While many have looked enviously at Koza’s 1000 node Beowulf cluster
(Sterling, 1998) and other supercomputer realisations of GP (Bennett, Koza,
Shipman, and Stiffelman, 1999; Juille and Pollack, 1996), a supercomputer is
often not necessary. Many businesses and research centres leave computers
permanently switched on. During the night their computational resources
tend to be wasted. This computing power can easily and efficiently be
used to execute distributed GP runs overnight. Typically, GP does not
demand a high performance bus to interconnect the compute nodes, and
so existing office Ethernet networks are often sufficient. While parallel GP
systems can be implemented using MPI (Walker, 2001) or PVM (Fernandez,
Sanchez, Tomassini, and Gomez, 1999), the use of such tools is not necessary:
simple Unix commands and port-to-port HTTP is sufficient (Poli, Page,
and Langdon, 1999). The population can be split and stored on modest
computers.
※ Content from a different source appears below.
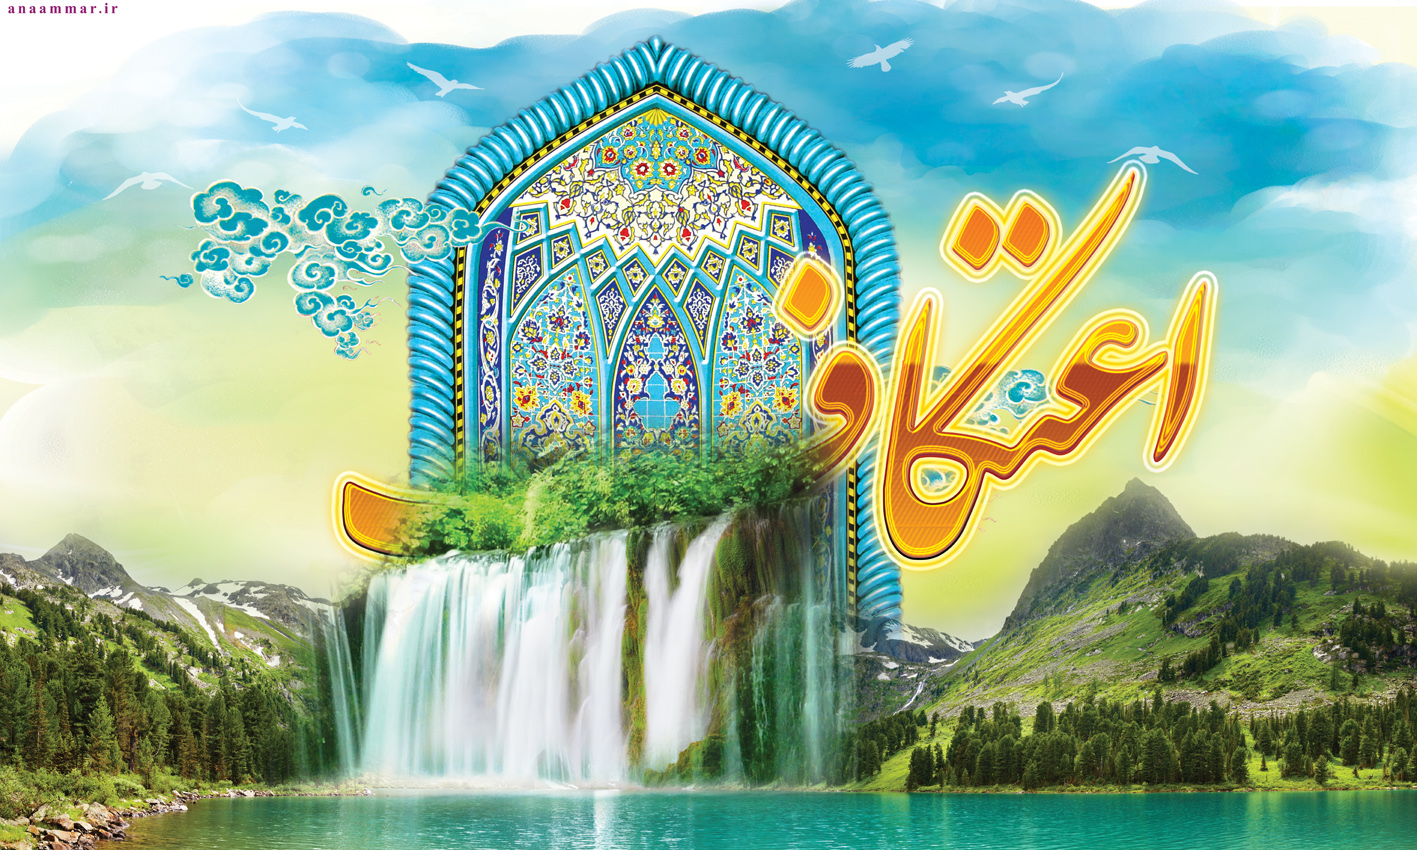 100 مسجد کهگیلویه وبویر احمد ، آماده پذیرایی معتکفان در ماه رجب

With only infrequent interchange of parts of the population
or fitness values little bandwidth is needed. Indeed a global population
spread via the Internet (Chong and Langdon, 1999; Draves, 2006; Klein and
Spector, 2007; Langdon, 2005a), `a la seti@home, is perfectly feasible (see
Figure 10.3).
Other parallel GPs include (Cheang, Leung, and Lee, 2006; Folino, Piz-
zuti, and Spezzano, 2003; Gustafson and Burke, 2006; Klein and Spector,
2007; Tanev, Uozumi, and Akhmetov, 2004).